- Poster
- Directed by: Galt Niederhoffer
- Written by: Galt Niederhoffer
- Starring: Christina Ricci; Hamish Linklater;
- Release date: February 21, 2020;
- Running time: 74 minutes
- Country: United States
- Language: English

= 10 Things We Should Do Before We Break Up =

10 Things We Should Do Before We Break Up is a 2020 American romantic comedy drama film written and directed by Galt Niederhoffer and starring Christina Ricci and Hamish Linklater.

==Plot summary==
The film follows the story of Abigail, a single mother who is struggling with her relationship with her boyfriend, Ben. After a heated argument, Abigail decides that they should break up, but Ben suggests that they should complete a list of ten things before they do so. The two embark on a series of adventures, including skydiving, swimming in a lake, and attending a wedding, all while trying to figure out if they should stay together or go their separate ways.
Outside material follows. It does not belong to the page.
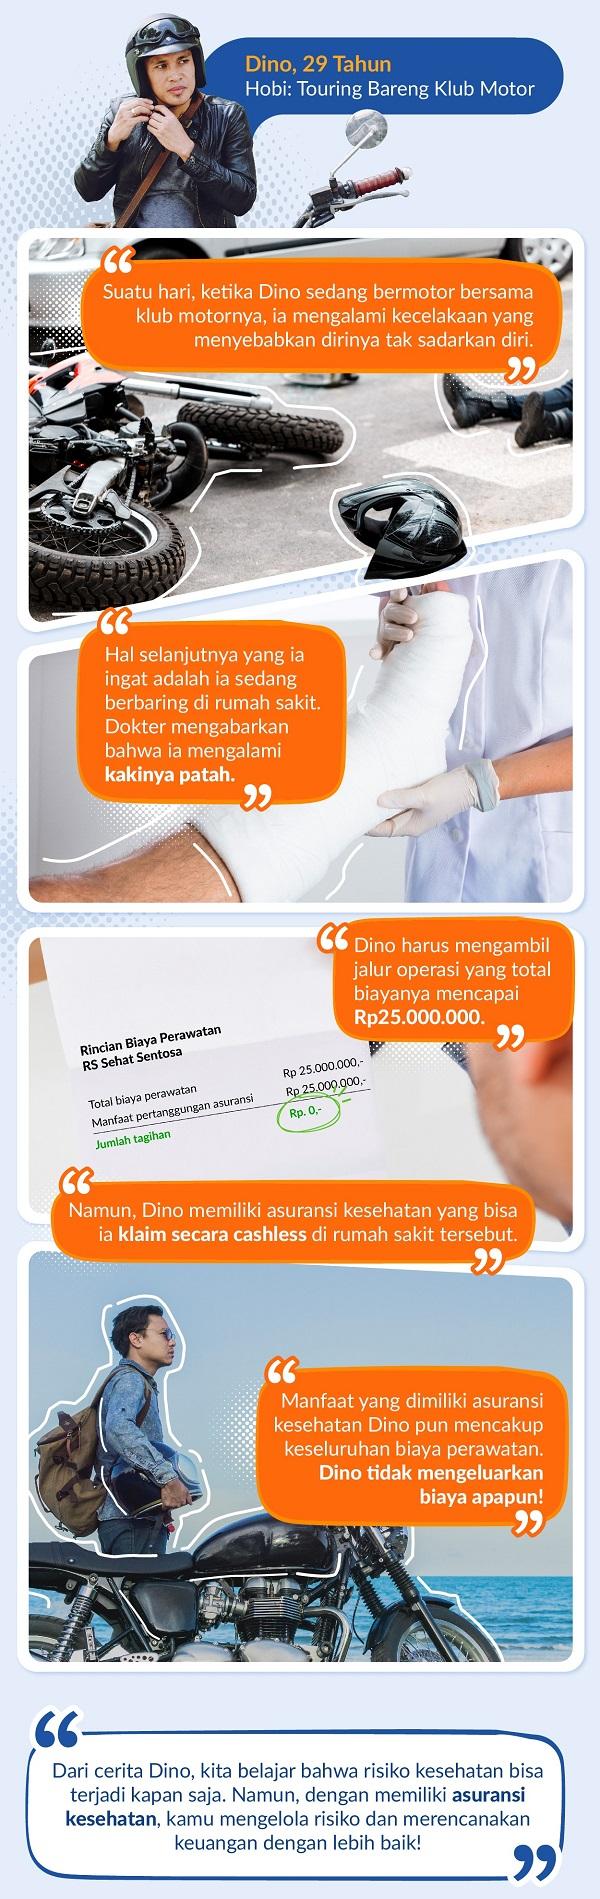 Cerita Dino tentang Manfaat Pentingnya Asuransi Kesehatan

Along the way, they confront their fears and insecurities, and ultimately learn more about themselves and each other. The film explores themes of love, commitment, and the importance of taking risks in relationships.

==Cast==
- Christina Ricci as Abigail
- Hamish Linklater as Benjamin
- Lindsey Broad as Kate
- Brady Jennes as Luke
- Katia Winter as Terren
- Jon Abrahams as Tim
- Scott Adsit as Barry

==Release==
The film was released in the United States and Canada on VOD platforms and limited theaters on February 21, 2020. Then it was released on DVD on March 24, 2020.

==Reception==
Alex Saveliev of Film Threat rated the film an 8 out of 10 and wrote, "A welcome, albeit brief, respite from our tumultuous times, 10 Things We Should Do Before We Break Up provides you with at least 10 reasons to like it."

Sandie Angulo Chen of Common Sense Media awarded the film three stars out of five.